As you can see from my cursor highlight, Google Desktop found the file I was looking for without any problem. This explains the major difference between Google Desktop and Beagle. Beagle trades off indexing speed, by just indexing the metadata on documents, while Google Desktop does a full index on the content, thereby taking much longer to index files, but giving much better results. I prefer the better results. There is one other difference that I would like to point out between the two.

In backing up my laptop, I noticed that my backup of my home directory was taking longer and longer, and the backup was getting very large. In looking into this, it turned out that a large percentage of my home directory was the beagle index. That led me to look into how large the Google Desktop index was in comparison. Well, there is no comparison. The Google Desktop index is much, much smaller (see below).


In fact, its 94% smaller than Beagle! This is a huge difference, and certainly pays off in disk usage.

In conclusion, I really liked Beagle, but Google Desktop offers better search results, with considerably less disk usage for the index. At this point, I'm ready to turn off Beagle (maybe even uninstall it), and rely on Google Desktop instead.


2 comments:

joeshaw said...

With Beagle, I have been frustrated at times that it couldn't find files that I knew were there, but couldn't remember where I had saved them. Isn't that what desktop search is all about? In fact, as a result of trying to find a Portable Document Format (PDF) document that I had saved from the web, I opened a Bugzilla case thinking that Beagle was not indexing PDF's. It turned out that Beagle was indexing the PDF's, but Beagle only indexes based on a files metadata, not its entire contents. That explains why it couldn't find the file I was looking for, because the search phrase I was using didn't match the files metadata, but part of its content. So, I had the perfect test case to see whether Google Desktop could find what Beagle couldn't.

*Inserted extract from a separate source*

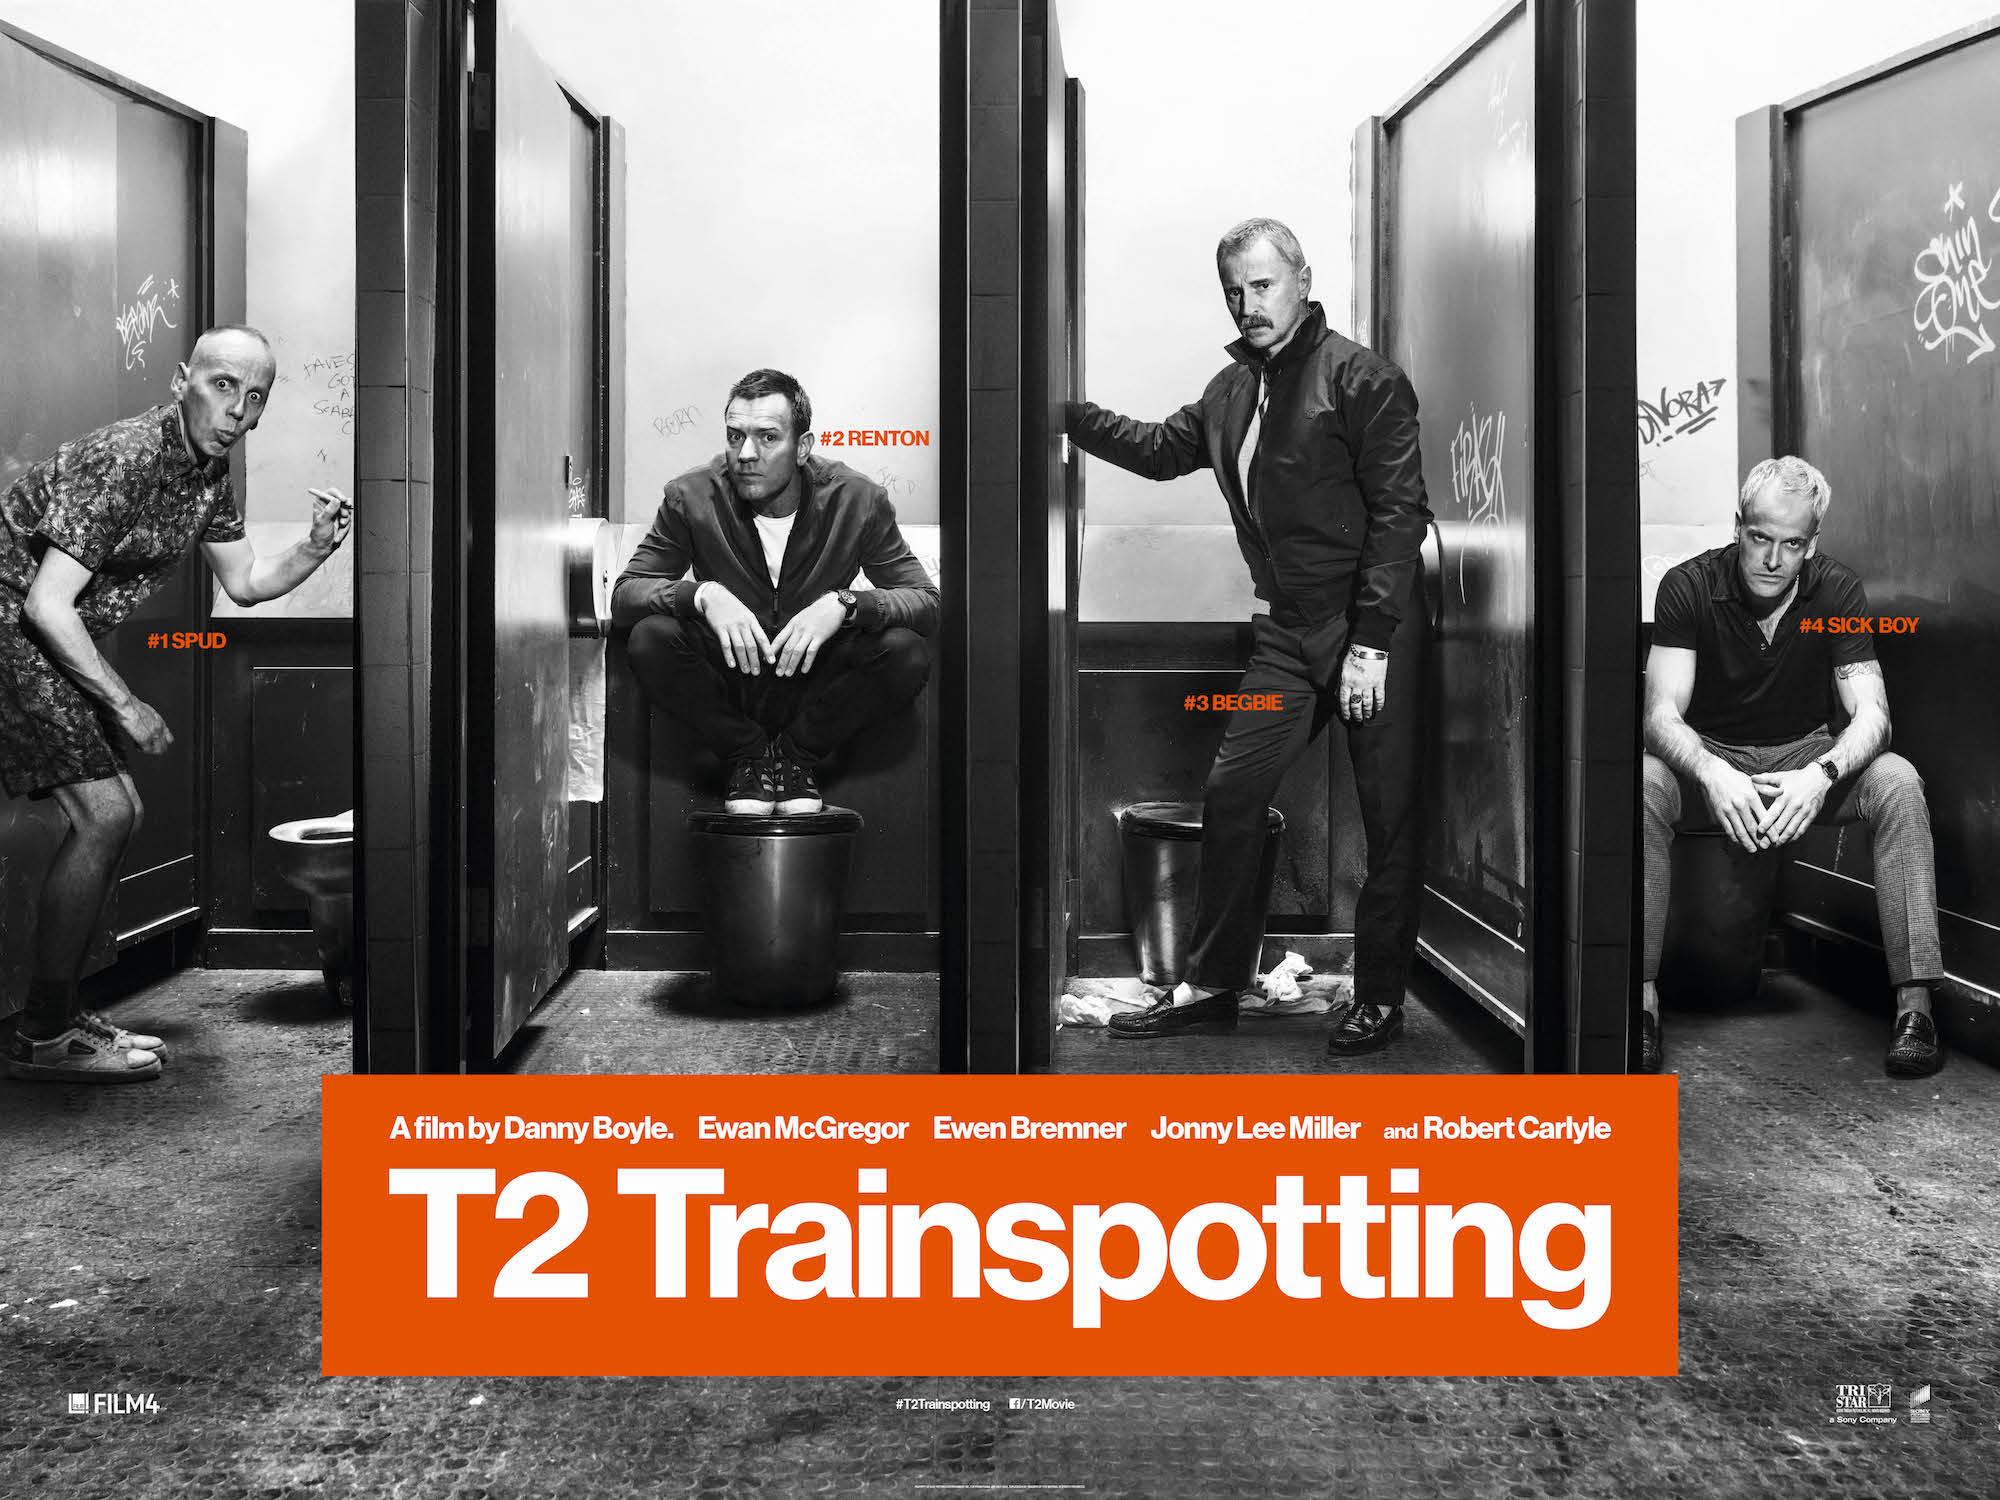 T2: Trainspotting muito além da super trilha sonora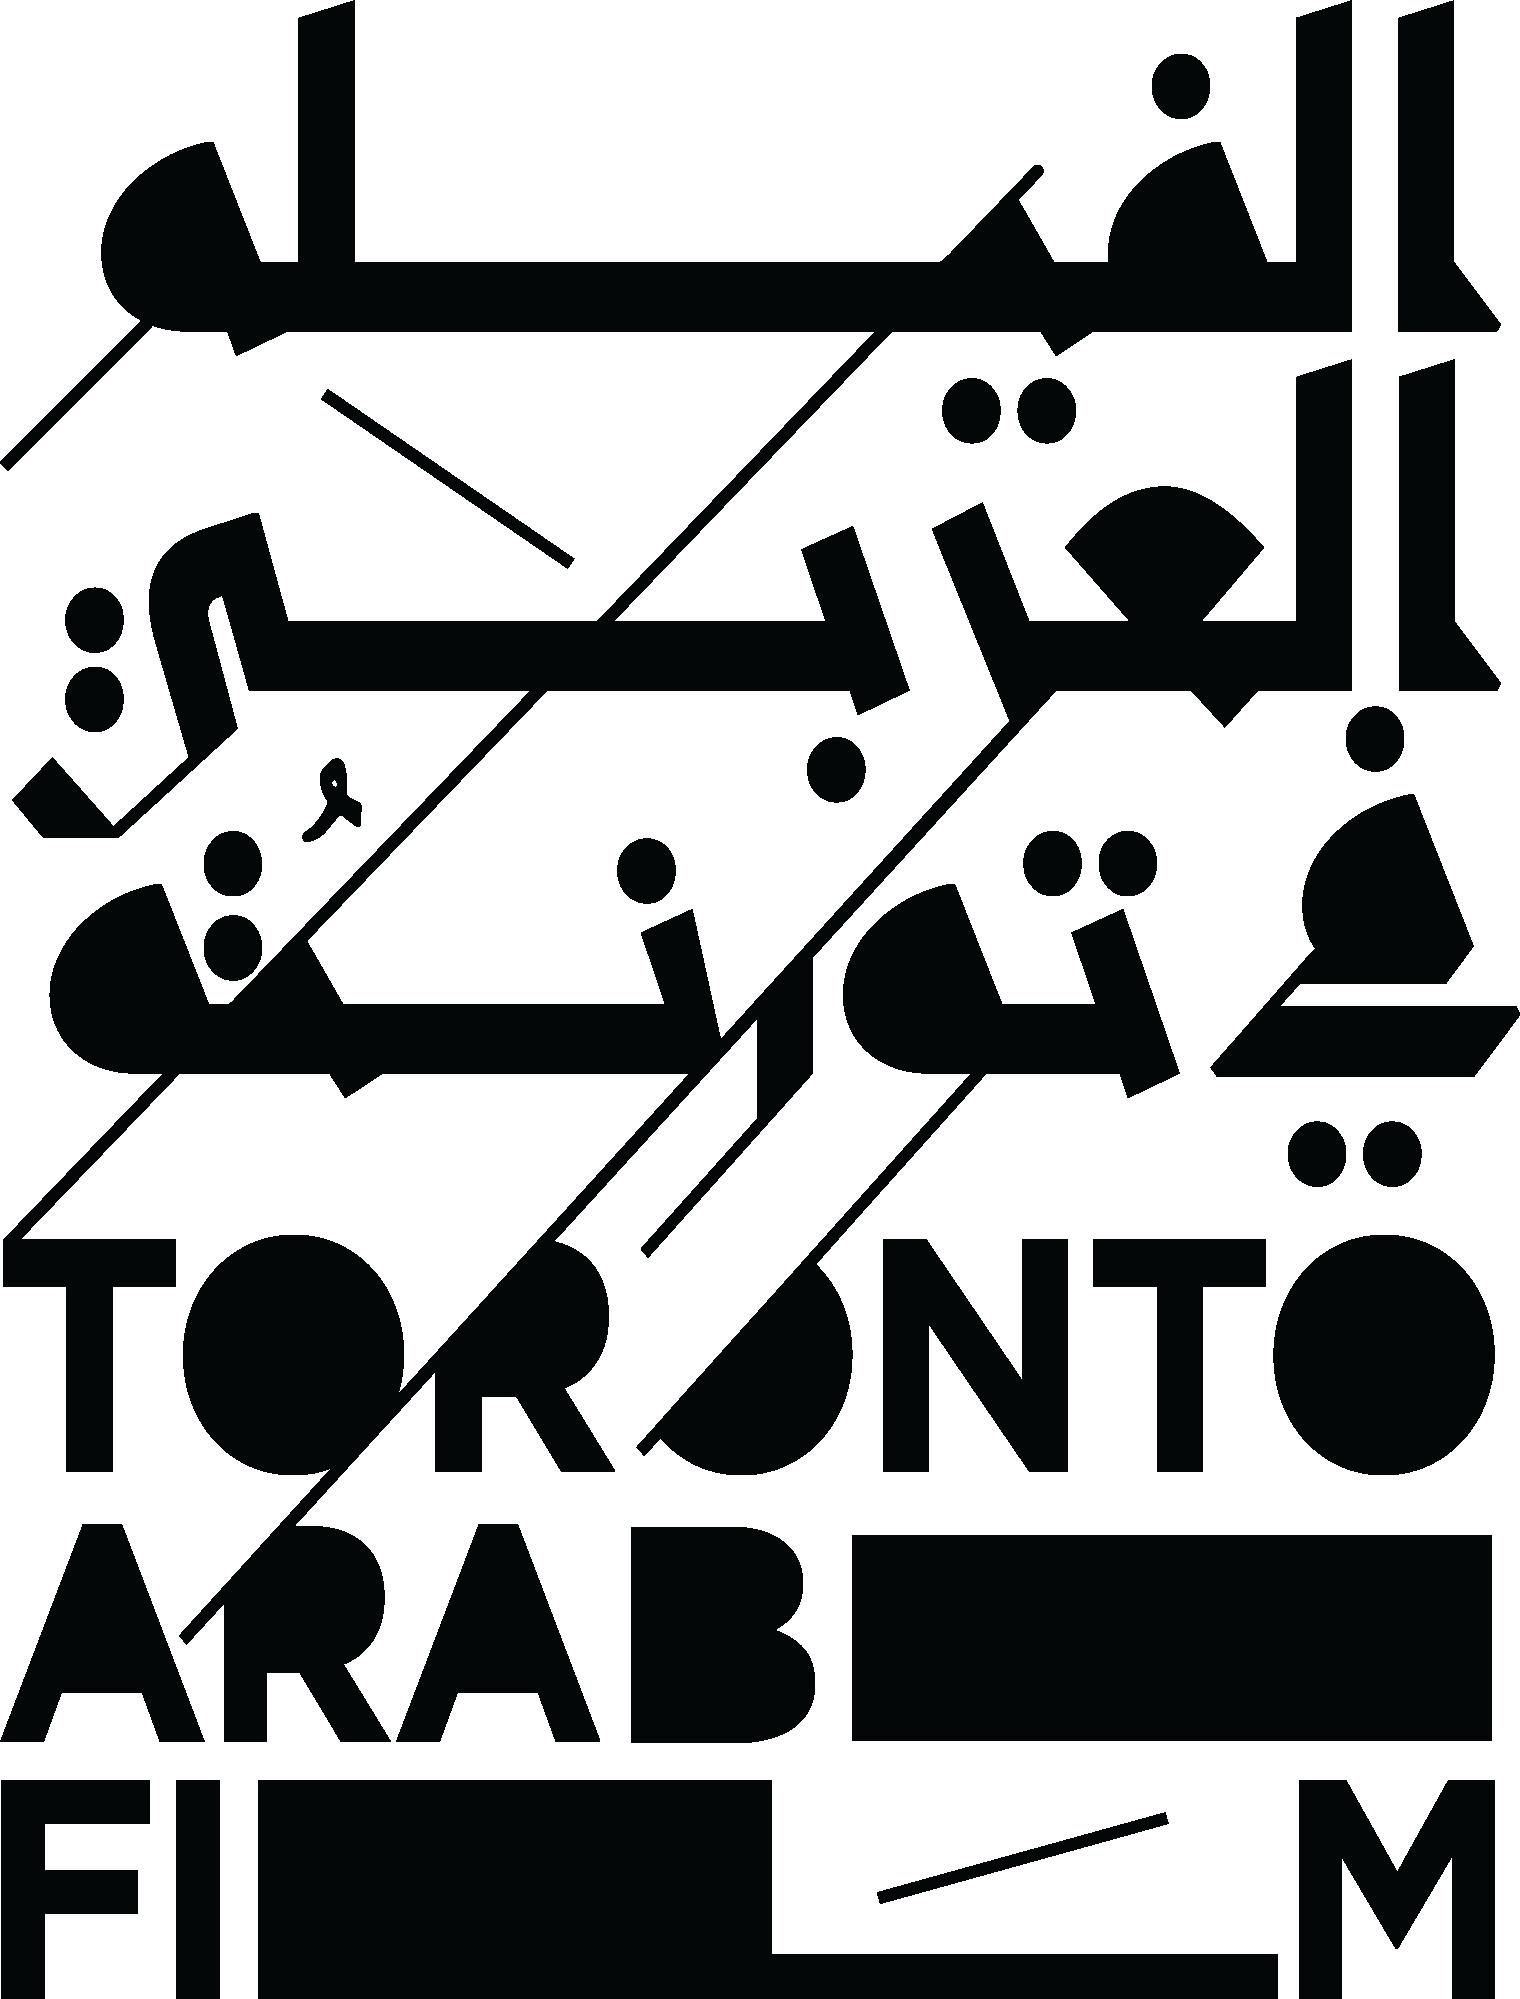 Toronto Arab Film Festival

Can you reference the Beagle bug for this? Because it's not quite right; both Beagle and GDL use the same tools (pdftotext) to extract text from PDF files and index them.

If you're having issues indexing with Beagle, please email me and I'll try to help you track it down.

Joe Shaw
joe@ximian.com

joeshaw said...

Also, looking at the file sizes, I greatly suspect that you are hitting a bug in Beagle. For a 20 gig home directory, 11 gigs in ~/.beagle is too big. It should be around 10% the size, so I would expect something in the 1-2 gig region.

Again, feel free to email me and we can try to work it out if you're interested. :)

Joe